More alarmingly, the document also states that British citizens living in the EU could be denied access to their own money, and “may lose the ability to access existing lending and deposit services, insurance contracts due to UK firms losing their right to passport to the EU.”
Underlining the reach of the EU in all aspects of regulation, the notices also say that Britain would have to introduce new health warnings on cigarette packets, as the copyright for the existing picture library is owned by the European commission.
In a series of other areas, however, “the technical notices strike a more reassuring note” says The Guardian, with existing regulations in sectors from workers’ rights to the export of dangerous products due to be transposed into UK law under the EU Withdrawal Act.
With the contentious issue of the Northern Ireland backstop still unresolved between the UK and EU27, businesses trading across the border are advised that they may need to consult the Dublin government.
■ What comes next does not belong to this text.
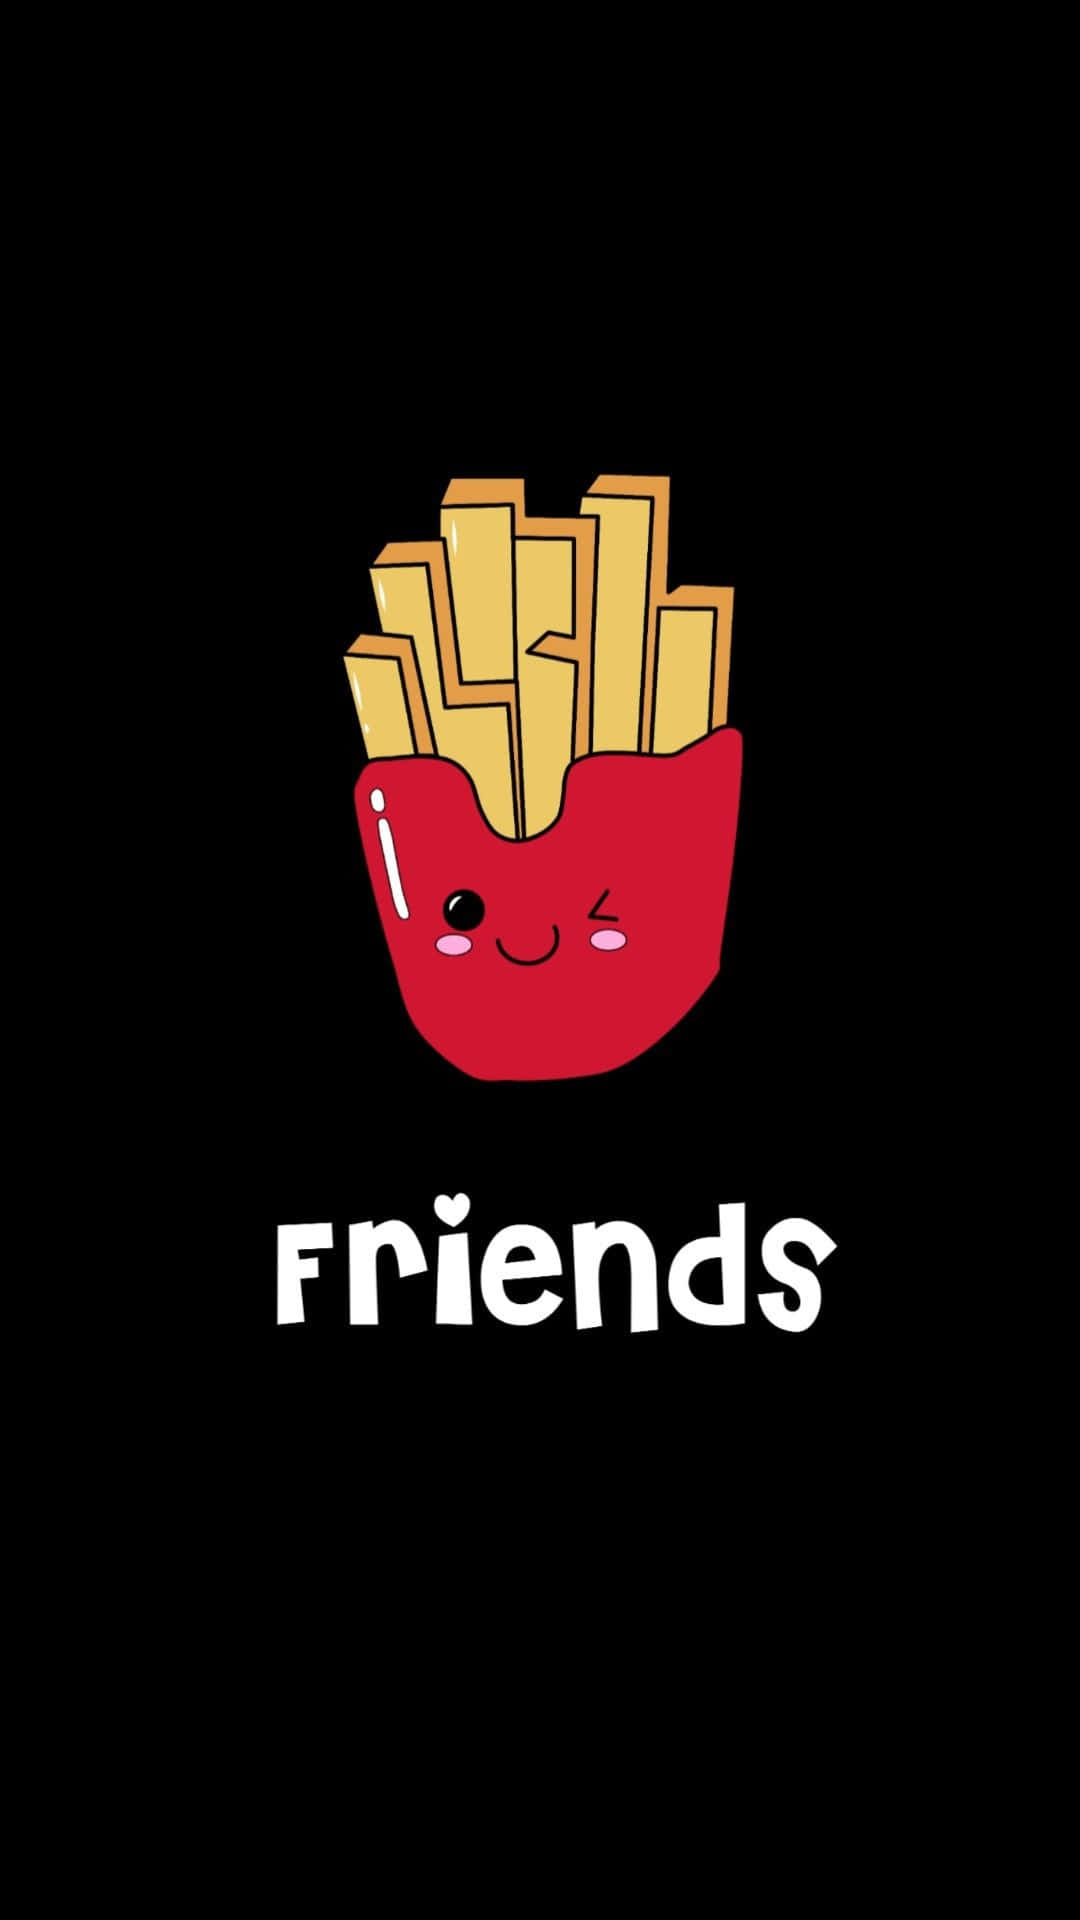 Vær venner- et sødt tegneserie billede af pomfritter Wallpaper

Despite reports that drug companies have been asked to stockpile extra medicine in the case of a no deal, the Brexit Secretary, Dominic Raab, dismissed what he said were “wilder claims” about the impact of not reaching a deal, including that it could spark a “sandwich famine” in the UK and that the army could be deployed to ensure food supplies.
The shadow Brexit secretary, Keir Starmer, attacked his counterpart’s plan as “thin on detail, thin on substance and provided no answers to how ministers intend to mitigate the serious consequences of leaving the EU without an agreement”.
Credit card charges, cigarette packet health warnings, the Erasmus student exchange programme: “some of the details plucked out of the Government’s first tranche of no deal Brexit “technical notices” are interesting and alarming, but ultimately economically trivial” says Ben Chu in The Independent.
Raab talks of the “smooth, continued, functioning of business, transport, infrastructure, research, air programmes and funding streams that have previously come from the EU”.
“But the reality is that so much would be entirely out of ministers’ hands after a no deal Brexit, leaving us at the mercy of decisions taken in Europe” says Chu, adding that “for all their detail, these documents only serve to highlight that gaping void – and catastrophic loss of control”.